Compression tests of castor oil biopolymer

 

 

Amauri Bravo FernedaI, *; Romeu Rony Cavalcante da CostaI, *; Volnei TitaII; Sérgio Persival Baroncini ProençaIII; Jonas de CarvalhoI; Benedito de Moraes PurquerioI

IDepartment of Mechanical Engineering, School Engineering of São Carlos, University de São Paulo
IIDepartment of Materials, Aeronautical and Automobilist Engineering, School Engineering of São Carlos, University de São Paulo
IIIDepartment of Structures Engineering, School Engineering of São Carlos, University de São Paulo

 

 


ABSTRACT

Many methods have been developed to test and evaluate the mechanical properties of the biopolymer from castor oil employed in implants and osteo-repositions, among other things. Most of the methods are performed under quasi-static and cyclic loads (creep and relaxation tests) and under high strain rate, uniaxial compression conditions. This paper presents and discusses the development and applicability of a simple load-application apparatus, devised to reduce shear and barrelling effects on specimens and allow for conventional strain around 45%. Besides contributing valuable information on the mechanical behavior of the castor oil polyurethane, the results of this research point to multiple biomedical applications for this material.

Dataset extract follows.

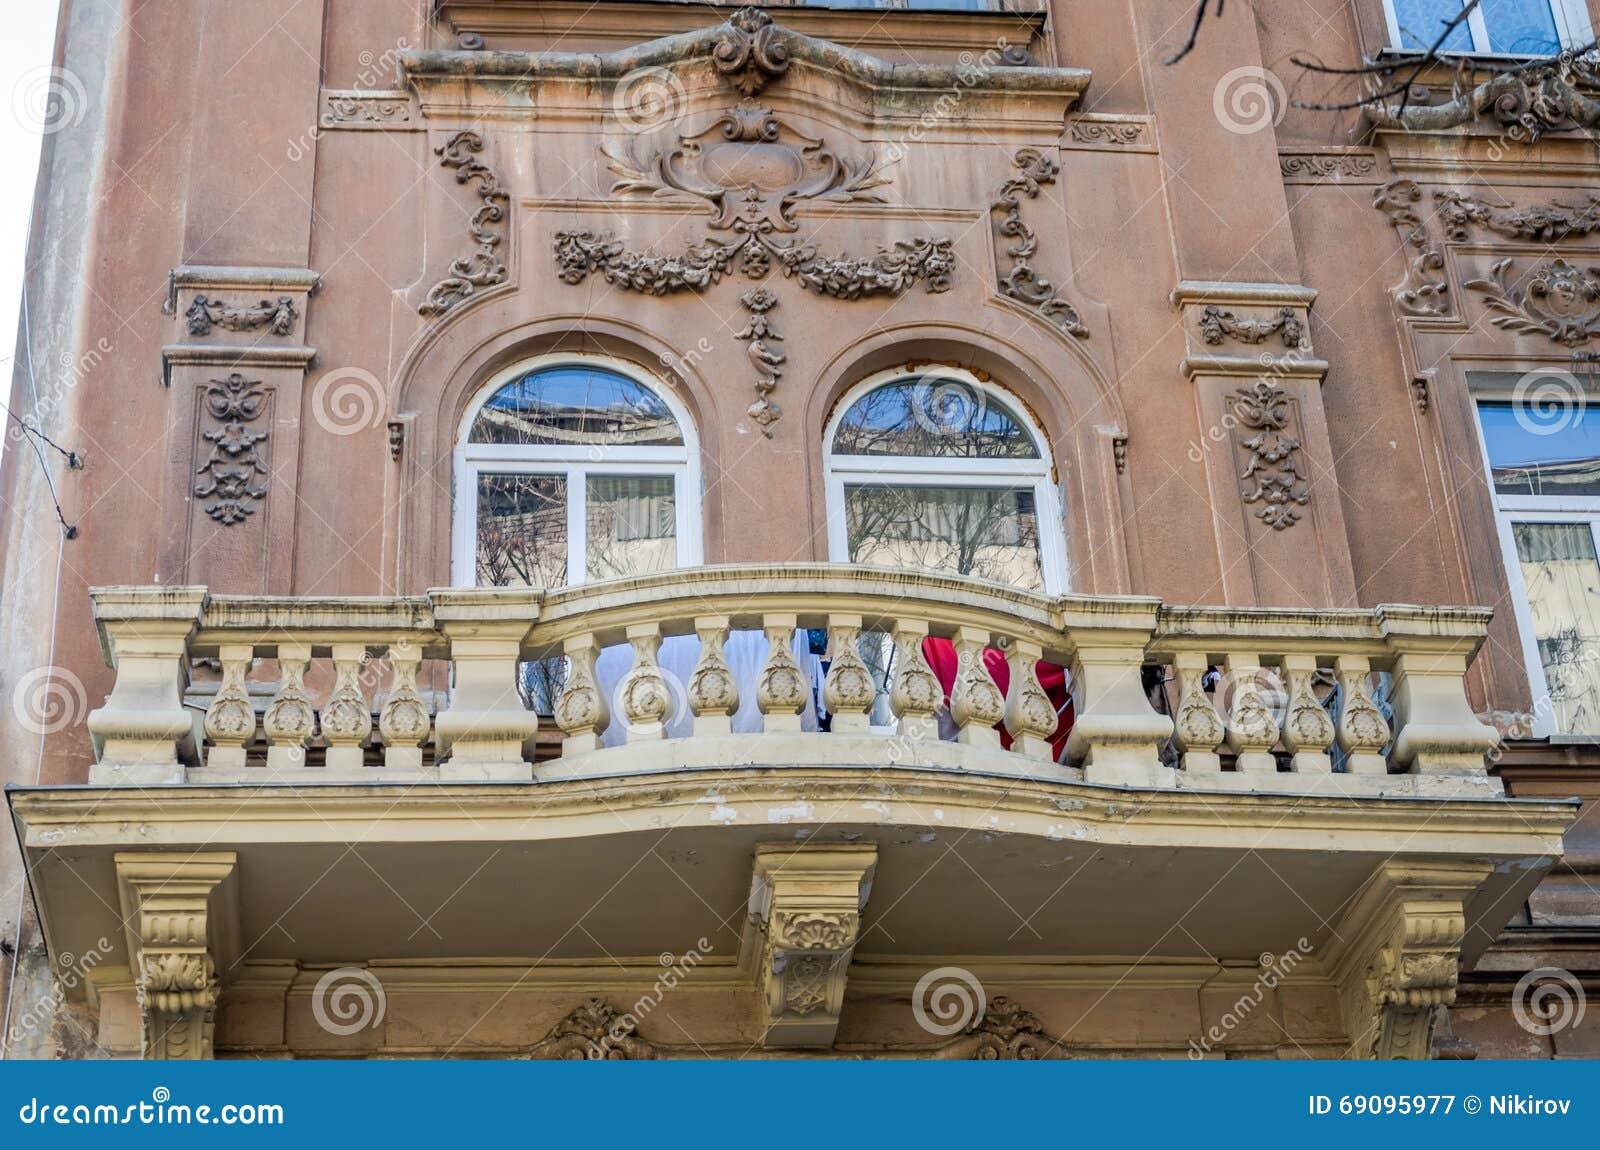 Balcony Ornaments 100 Images Apartment Balcony

Keywords: compression test, mechanical behavior, biopolymer, castor oil


 

 

1. Introduction

The castor oil polyurethane (PU) have been used in many applications, such as in dental implants1, wood adhesives2, concrete agglomerates3, bone defect filling4, bone cement5, hip prostheses6, electrical insulators7; vegetal fiber composite matrixes8, and intrapatellar socket gloves9.

Despite its versatility, the main applications and researches on the castor oil PU lie in the medical field. Researchers, such as Ohara et al.10 and Ignácio et al.11 studied the biocompatibility of this PU employed as bone cement in rabbits. The absence of adverse reactions found by these authors indicated its biocompatibility in living organisms. The research carried out by Ignácio et al.12 also brought important contributions to orthopedic surgery. In his study PU cylinders enriched with calcium carbonate to obtain porosity and radiodensity were implanted in rabbits' legs. The results evidenced the biocompatibility, osteoconductivity and osteoinduction properties of this PU and attested to the mechanical strength of the implant. Later research indicated the possible utilization of this PU in cranium plastic surgeries, jaw prostheses, and contention plates for disc hernia13.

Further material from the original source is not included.